Roger Waldron, the president of the Coalition for Government Procurement, called it a win-win-win for GSA, customer agencies and industry.

“All three will gain efficiencies and GSA will address the inconsistencies in the program while also creating greater access to commercial solutions,” he said. “People buy solutions that include products and services all the time so being able to combine that in a single transaction instead of having to go through multiple contracts is an important change. This will address the artificial scope determinations, and it will bring the schedule further to reflect the commercial market where there are not artificial barriers between contracts. It makes the schedules more flexible and easy to use for customer agencies.”

Alan Chvotkin, executive vice president and counsel of the Professional Services Council, said in a release that the consolidation effort is a logical evolution for GSA and the schedules program.

“There may be some bumps along the road, but when this process is complete, it should be a win-win for government and industry and make for a more efficient federal acquisition experience,” he said. “We look forward to working with GSA during the implementation, just as we did when the professional services schedule was consolidated in 2015.”

Larry Allen, president of Allen Federal Business Partners and a long-time GSA expert, said in a release that it will be incumbent on GSA to ensure they organize and promote the consolidation effort in a clear, user-friendly manner.

“While it is certainly quite possible that the consolidation may mean that [vendors] will have different contracting officers or specialists approve modifications down the road, no changes will be immediate,” he said. “GSA’s unionized workforce would also have to approve of any consolidation of work that involved shifting workloads among the regions.”

Waldron added that communication will be important for GSA over the next two years.

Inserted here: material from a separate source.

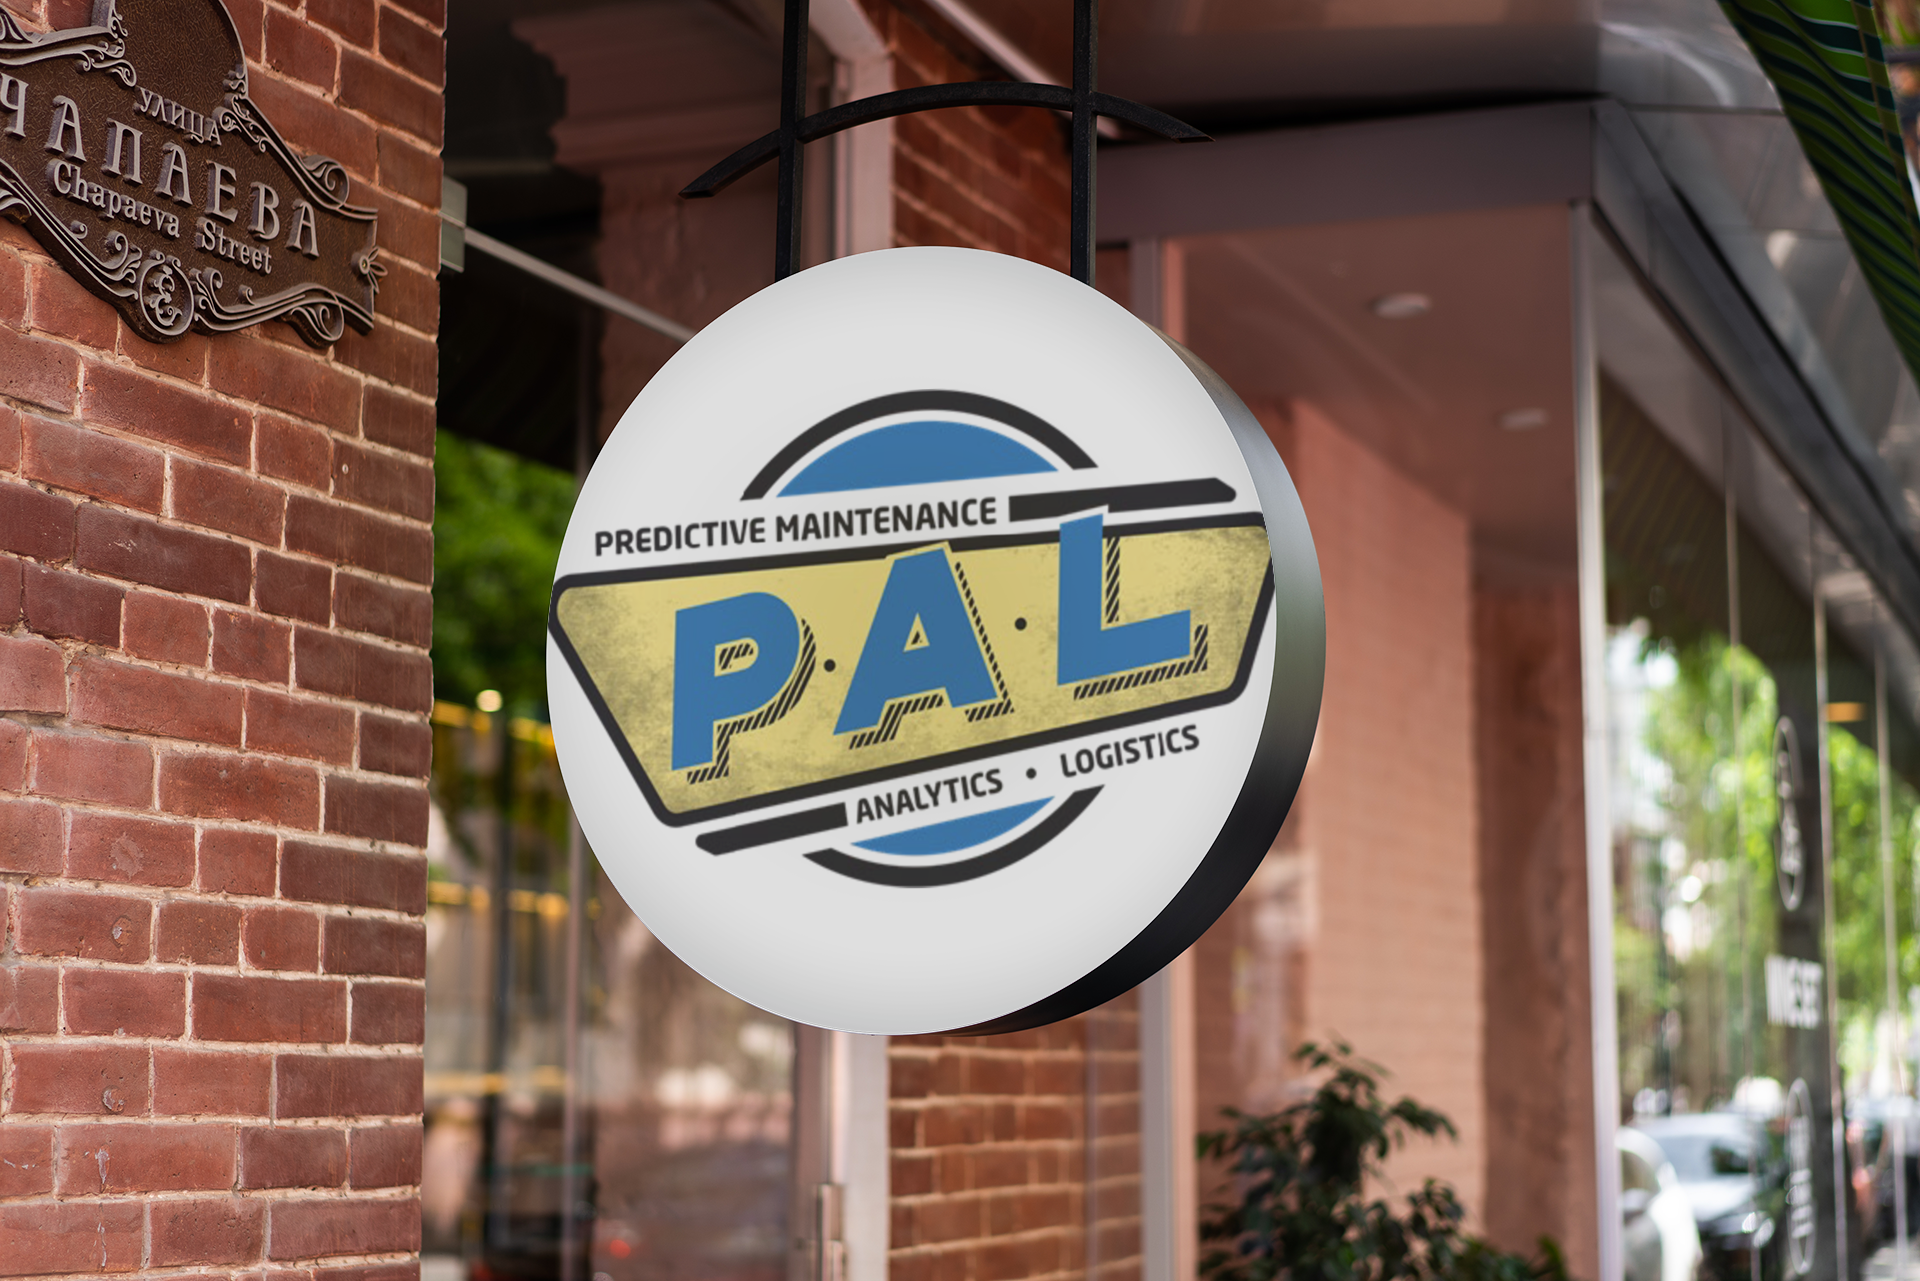 Predictive Maintenance Analytic Logistics P.A.L. logo on a sign.

He said when GSA tried to create a corporate schedule in the late 1990s as a consolidation effort, the initiative failed because there were too many internal hurdles.

But part of the problem back then was how GSA was organized.

“With this management team in place with Emily, Alan and Stephanie, there is a high degree of confidence that they understand both the external and internal challenges and will tackle them head on,” Waldron said. “Their big challenge will be to keep it simple and straightforward. The changes have to be easily understood and relatively easy to implement.”

Shutt added that previous attempts ran into some obstacles that couldn’t be overcome. So this time, she led a working group that talked to contracting officers who went through the original consolidation effort about why the effort failed.

“A lot of it was the technology. We had paper contracts back then and dealing with paper contracts was a big deterrent to doing the consolidation and basically we had one contracting officer for one contract,” she said. “Right now, we have that timing and the technology so we are at the point where we could actually make this happen.”